On one hand, all over Europe there are many Centers of Excellence for GEP-NEN management certified by the ENETS, but on the other hand, there are also hospitals and university centers, in which there are mono- or oligo-specialists skilled on NENs.

Despite the availability of such expertise, the diagnostic/therapeutic pathway of a patient with F-NEN relies mostly on the vision of a single doctor, or on the choice of the patient and/or family to seek second opinions elsewhere. Furthermore, it is not uncommon that a patient with an F-NEN is managed in non-NEN specialized or dedicated structures.

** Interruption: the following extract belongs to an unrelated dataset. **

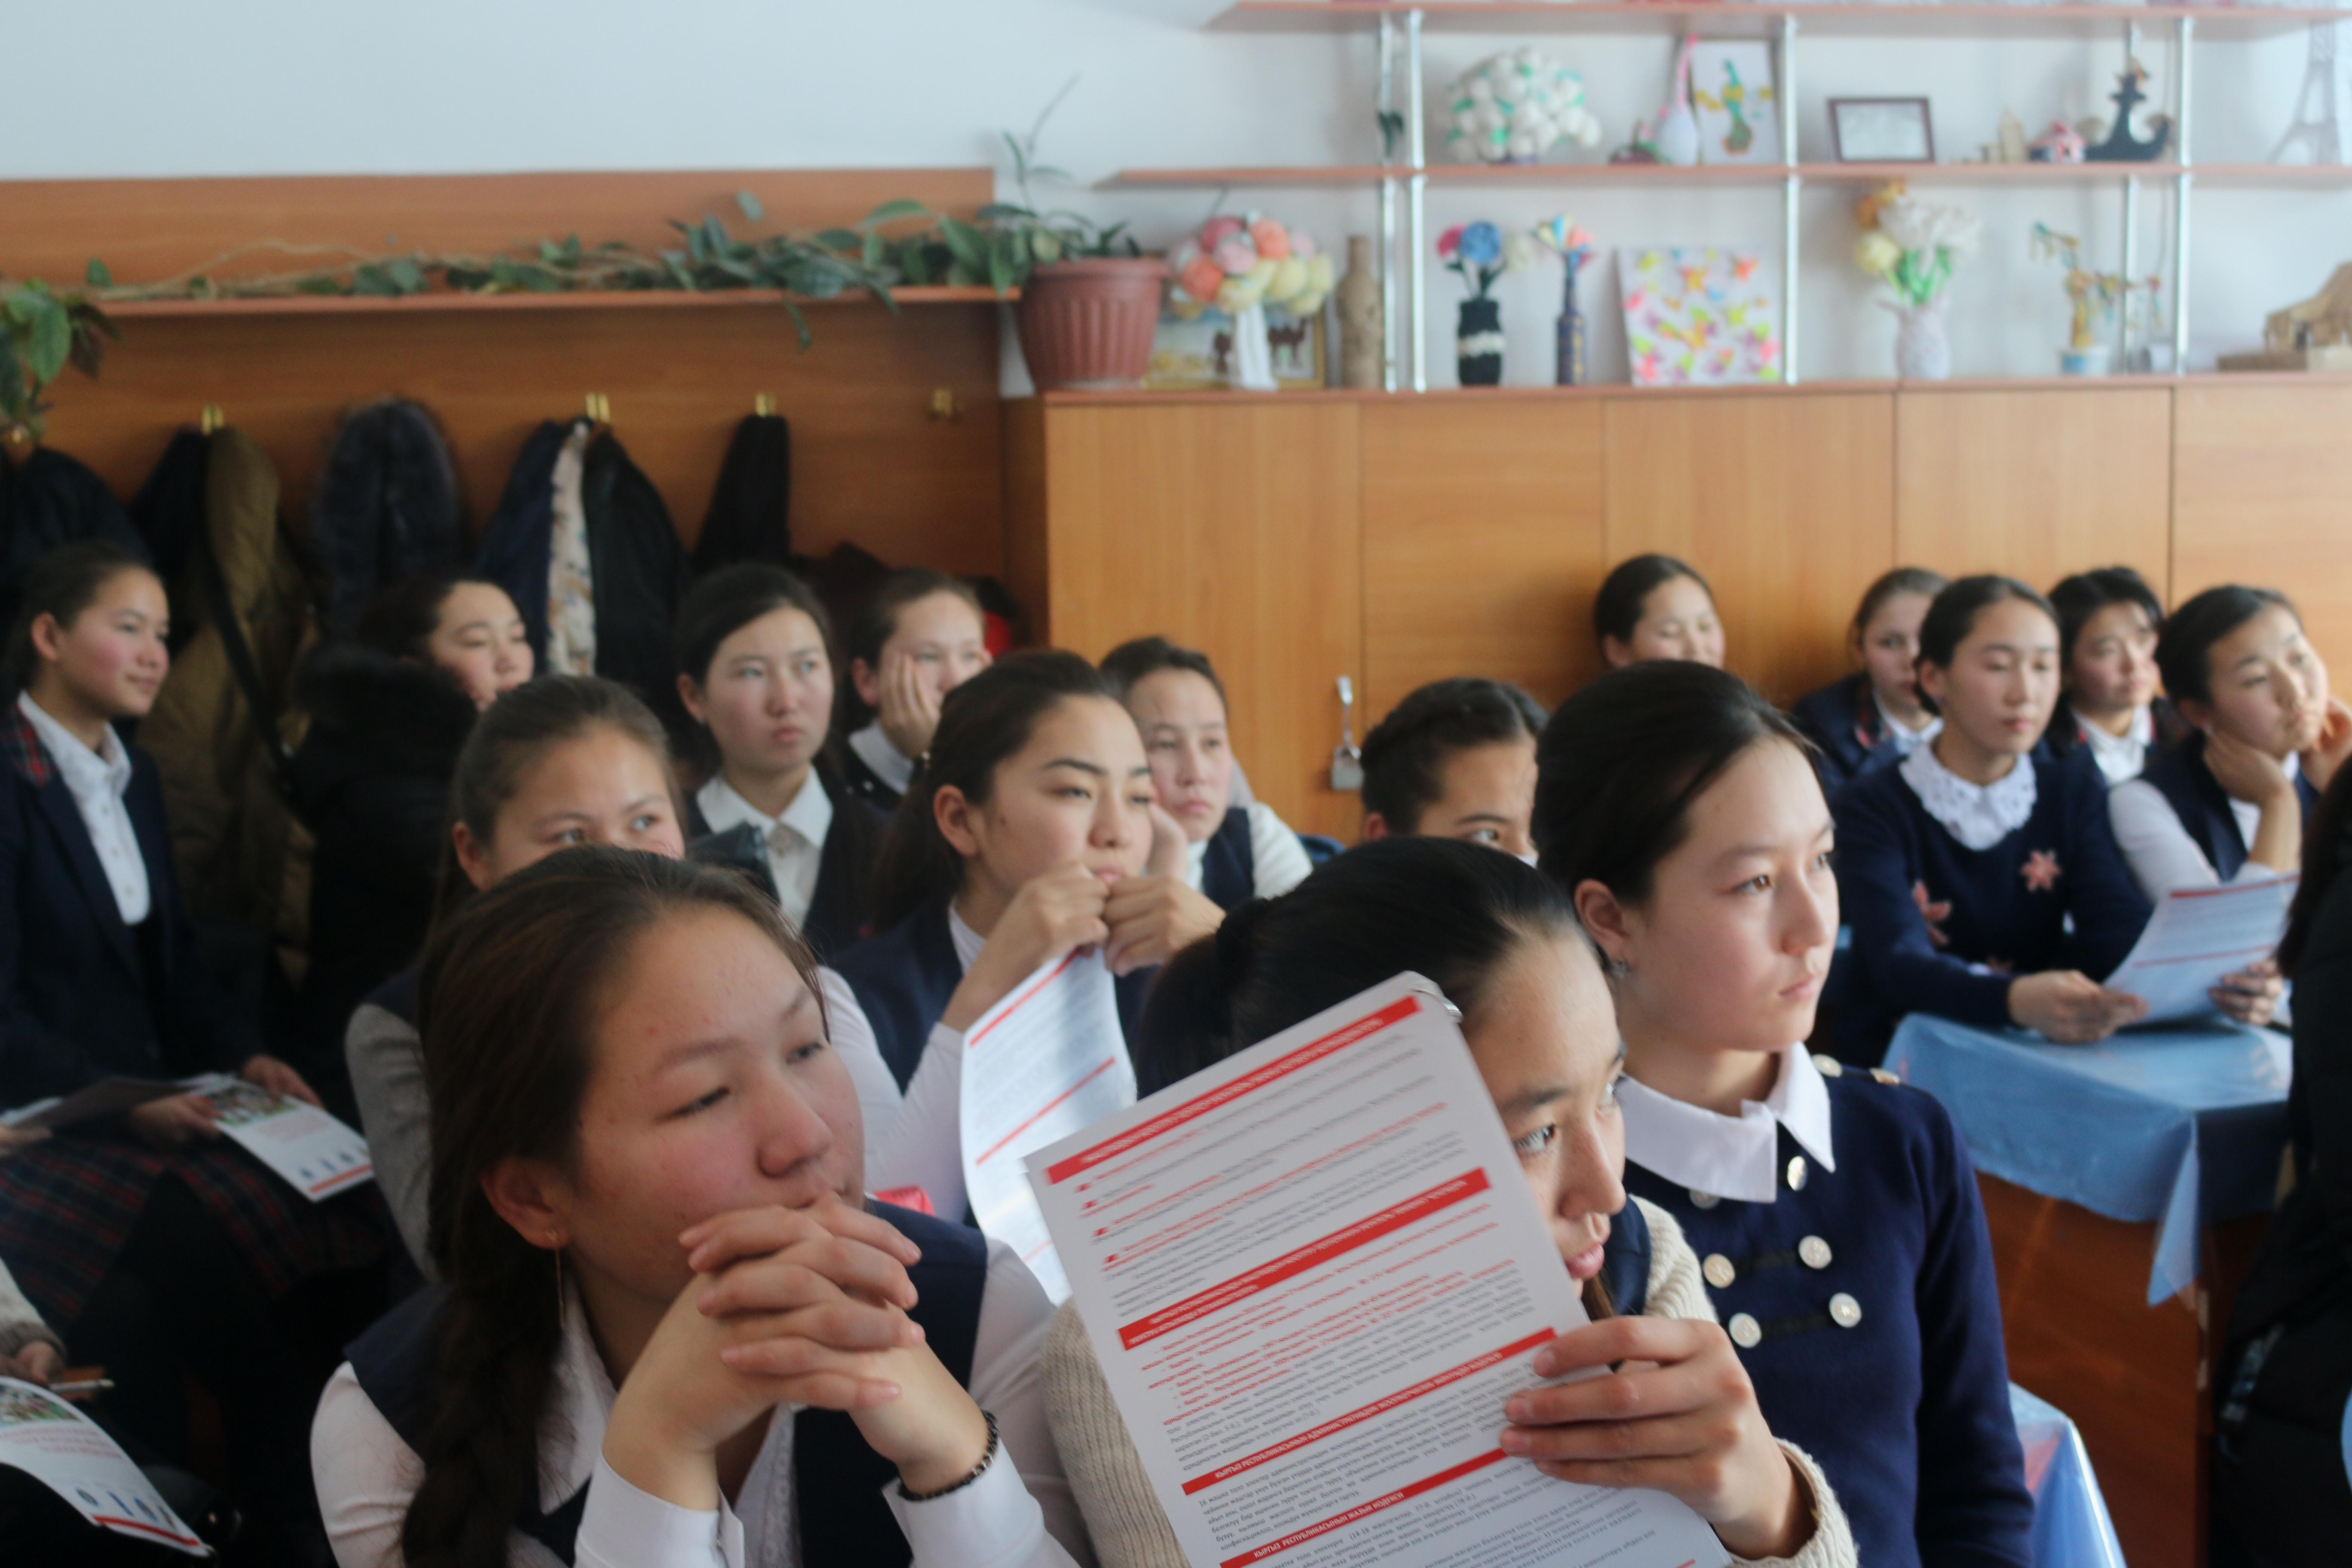 Ученики 9 класса лицея иностранных языков заслушали лекцию сотрудника юстиции по правам несовершеннолетних

However, a validated diagnostic/therapeutic path for patients with NEN, functioning or non-functioning, has not been yet defined, above all under bureaucratic/structural terms. From a clinical point of view, the benefit of the patient is strongly correlated to a multi-specialistic diagnostic/therapeutic path coordinated by a dedicated multidisciplinary team (MDT), that should step in as soon as possible in the patient’s clinical history.

5. Conclusions

Given the rarity and clinical and biological heterogeneity of NENs, experience, competence, and centralization of case studies can play an important role. It is conceivable that a team of specialists, all dedicated to NENs, who simultaneously discuss the patient with just a suspicion or with the first appearance of a related clinical syndrome, is the best diagnostic/therapeutic approach that should be provided. Future collaborative studies conducted within the NEN-referral centers network and specifically focused on CS and HH and their complications are warranted and desired.